Data shown
§ §

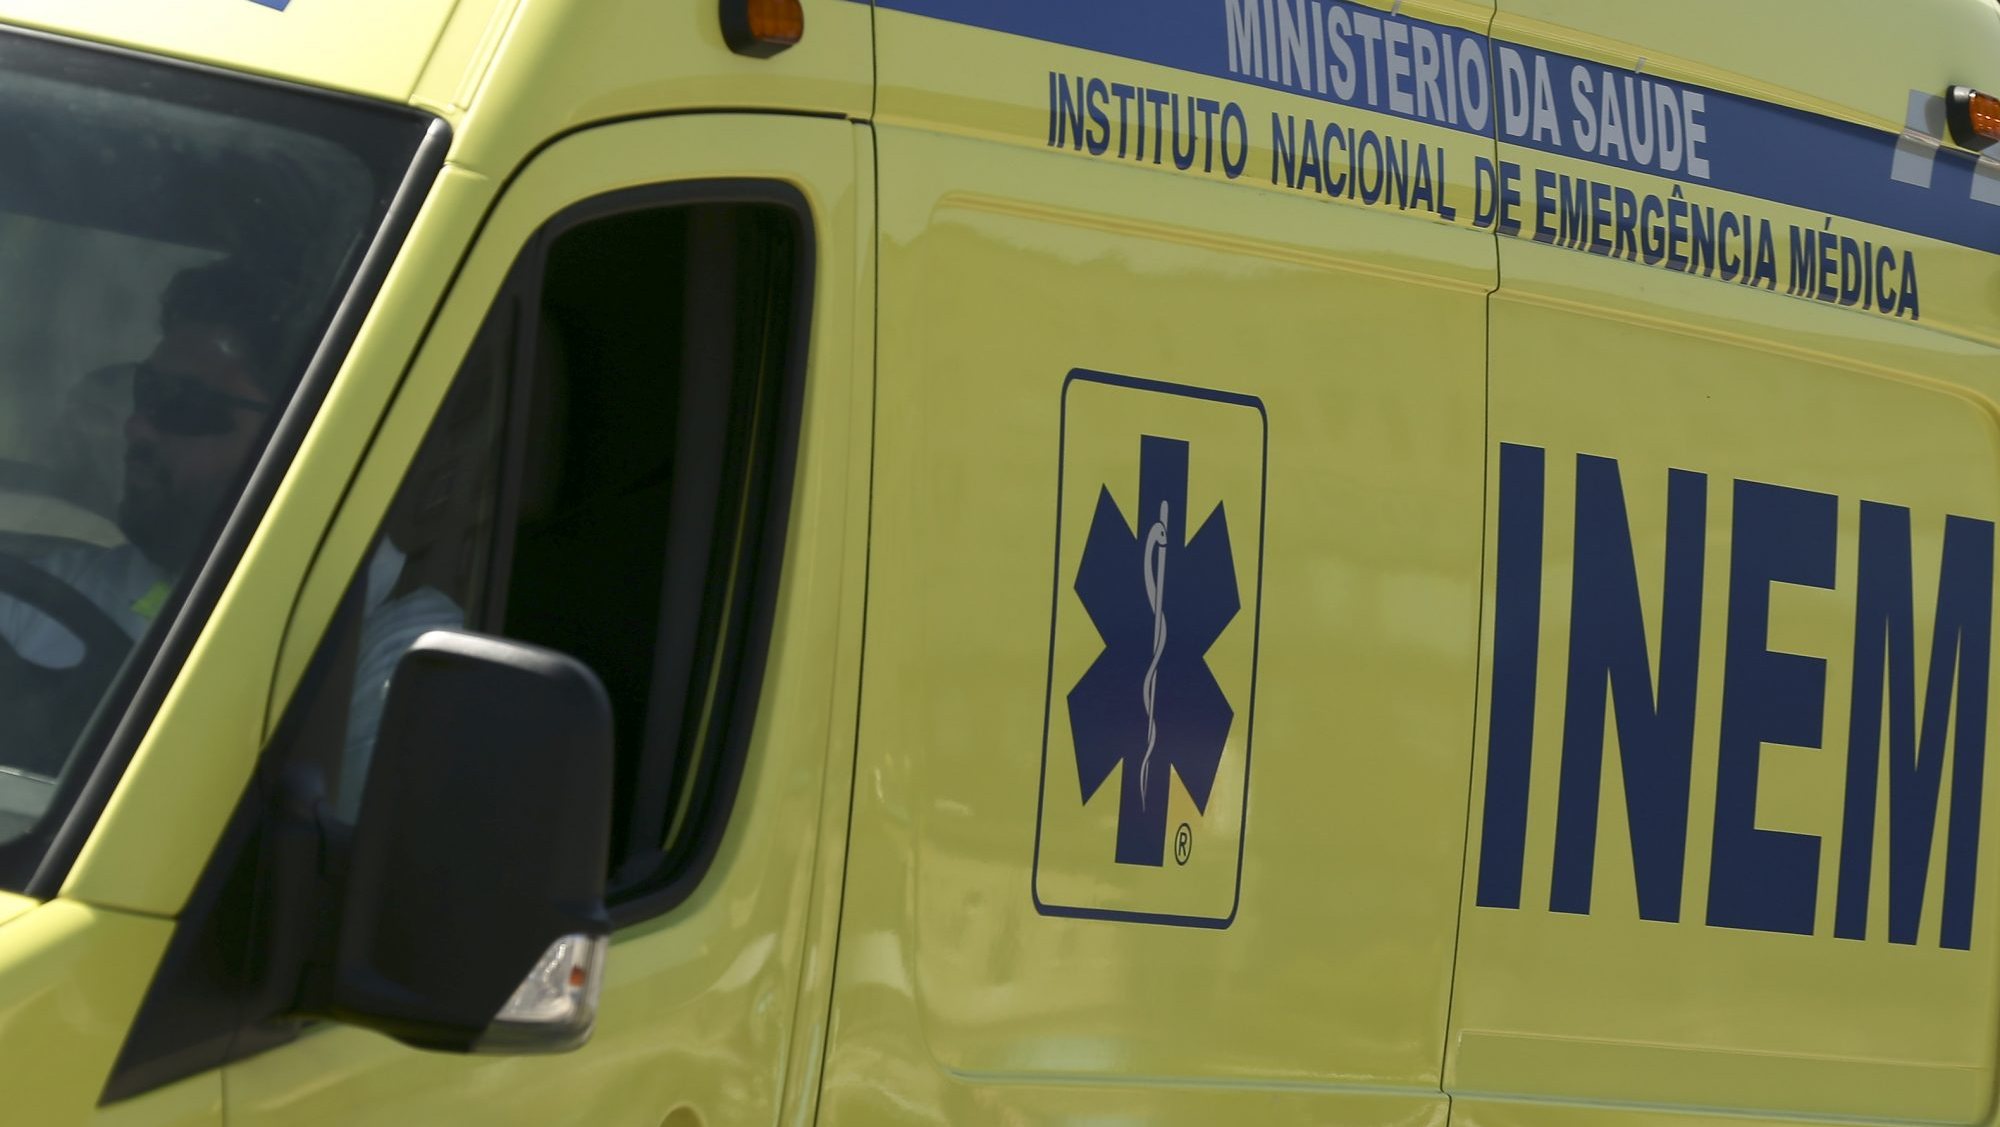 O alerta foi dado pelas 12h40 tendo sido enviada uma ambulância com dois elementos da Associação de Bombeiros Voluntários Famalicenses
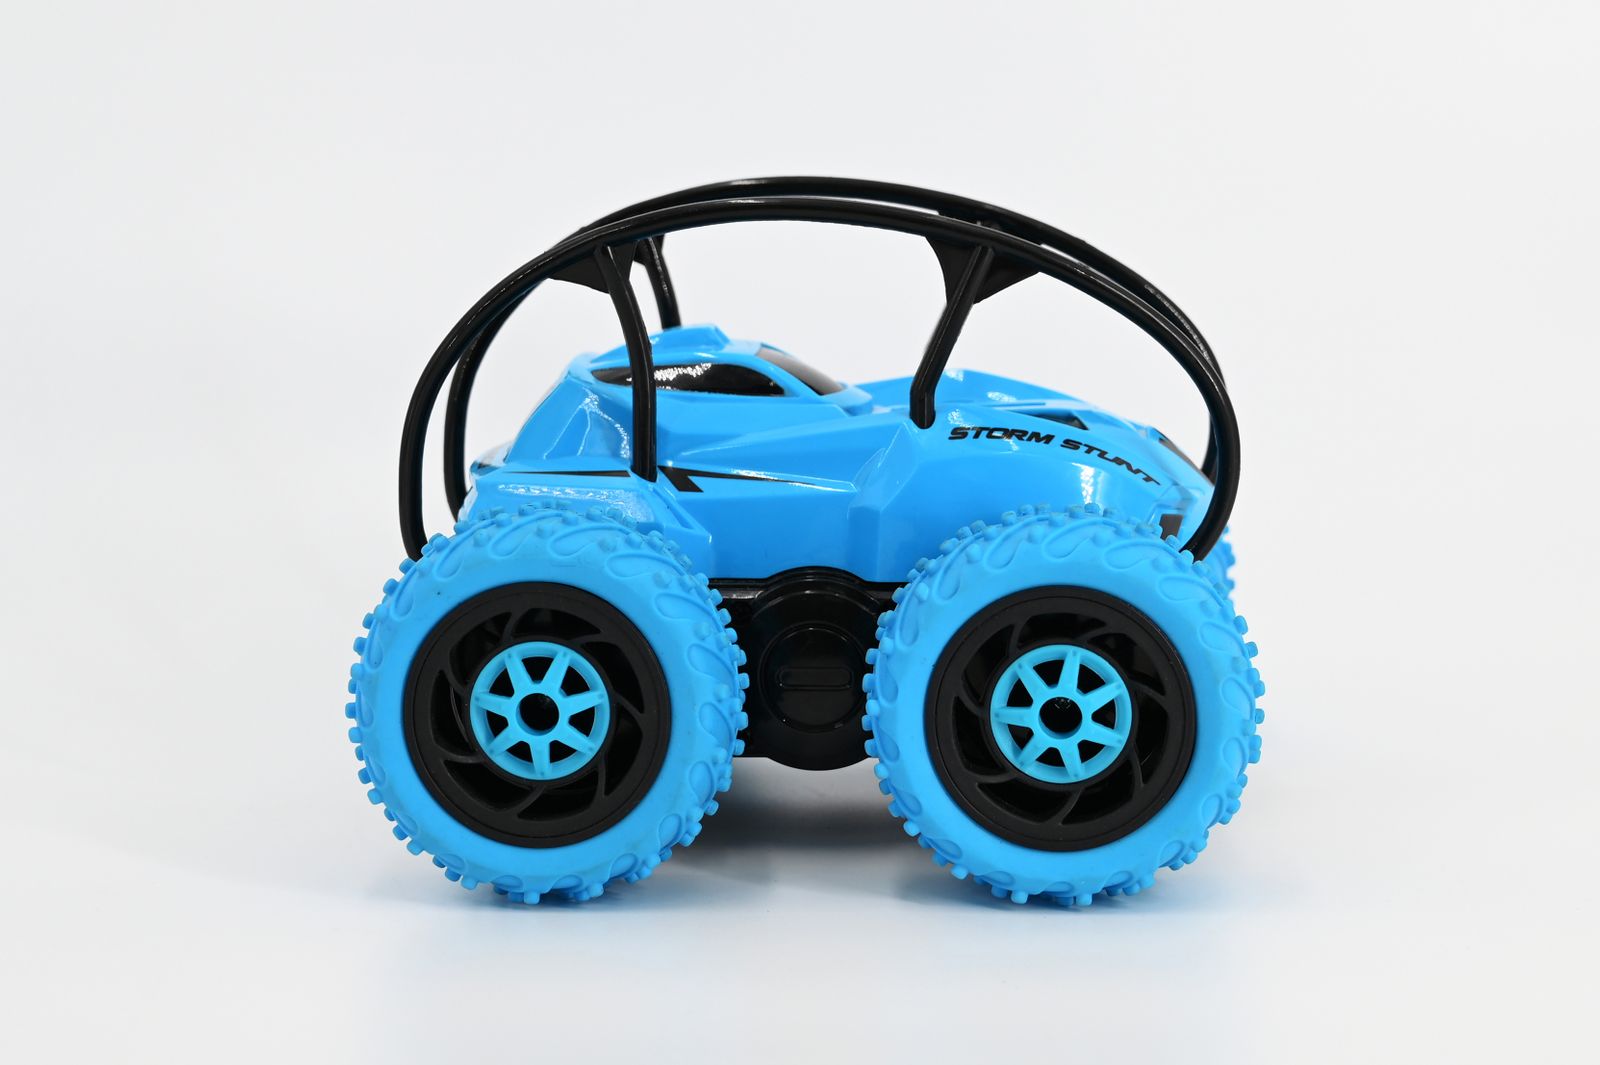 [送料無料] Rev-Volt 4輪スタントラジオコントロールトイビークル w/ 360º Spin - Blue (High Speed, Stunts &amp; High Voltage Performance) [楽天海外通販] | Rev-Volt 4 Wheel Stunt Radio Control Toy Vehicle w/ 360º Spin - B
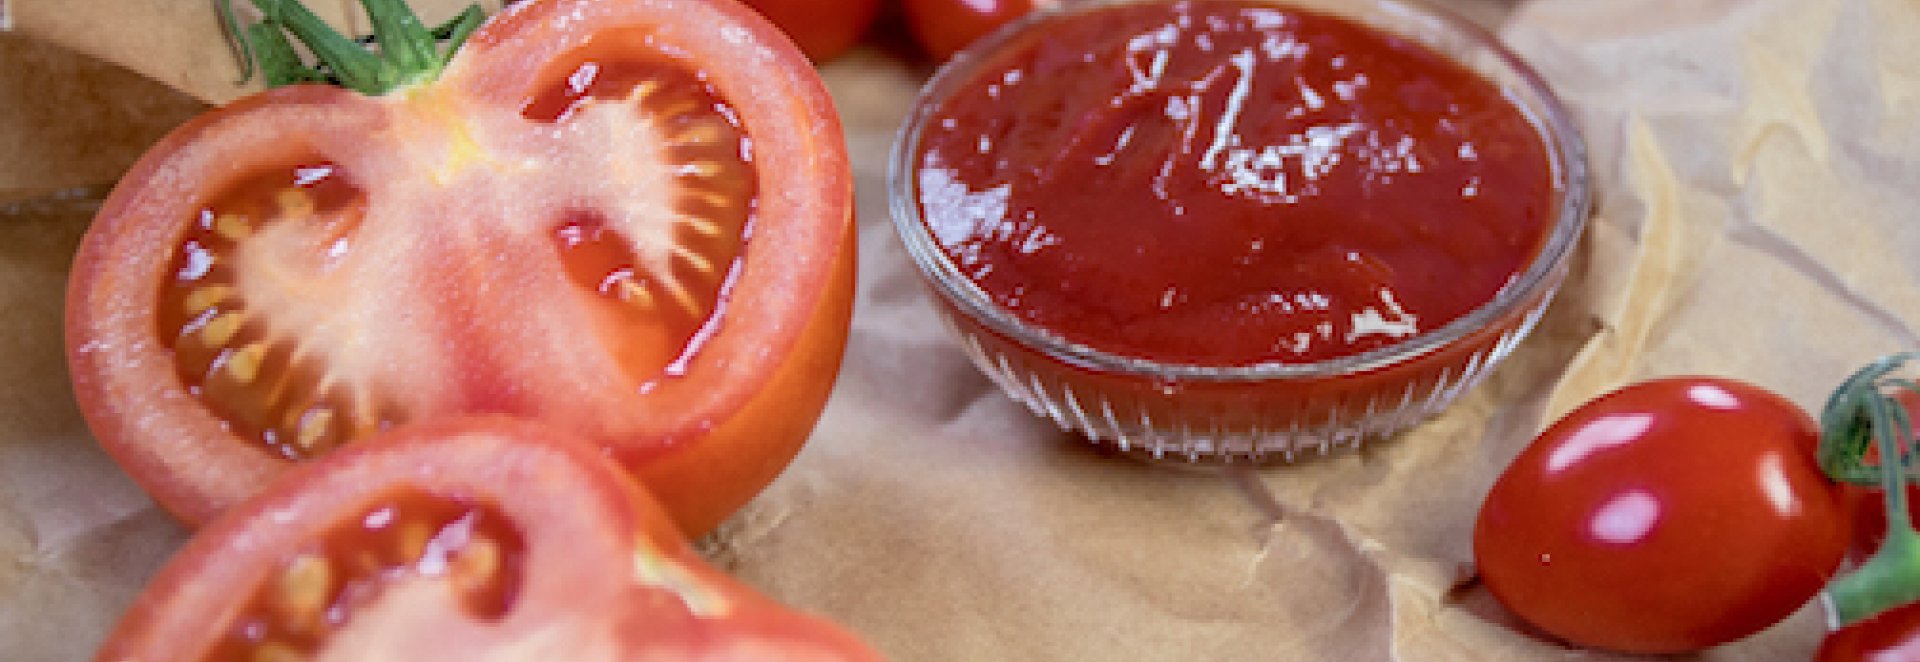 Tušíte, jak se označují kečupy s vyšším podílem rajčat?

§ §

Task
Lines before the one containing "[送料無料] Rev-Volt 4輪スタントラジオコントロールトイビークル" are not wanted; write out that line and every later line through the end of the data above, exactly, without pictures.

Expected answer
 [送料無料] Rev-Volt 4輪スタントラジオコントロールトイビークル w/ 360º Spin - Blue (High Speed, Stunts &amp; High Voltage Performance) [楽天海外通販] | Rev-Volt 4 Wheel Stunt Radio Control Toy Vehicle w/ 360º Spin - B
 Tušíte, jak se označují kečupy s vyšším podílem rajčat?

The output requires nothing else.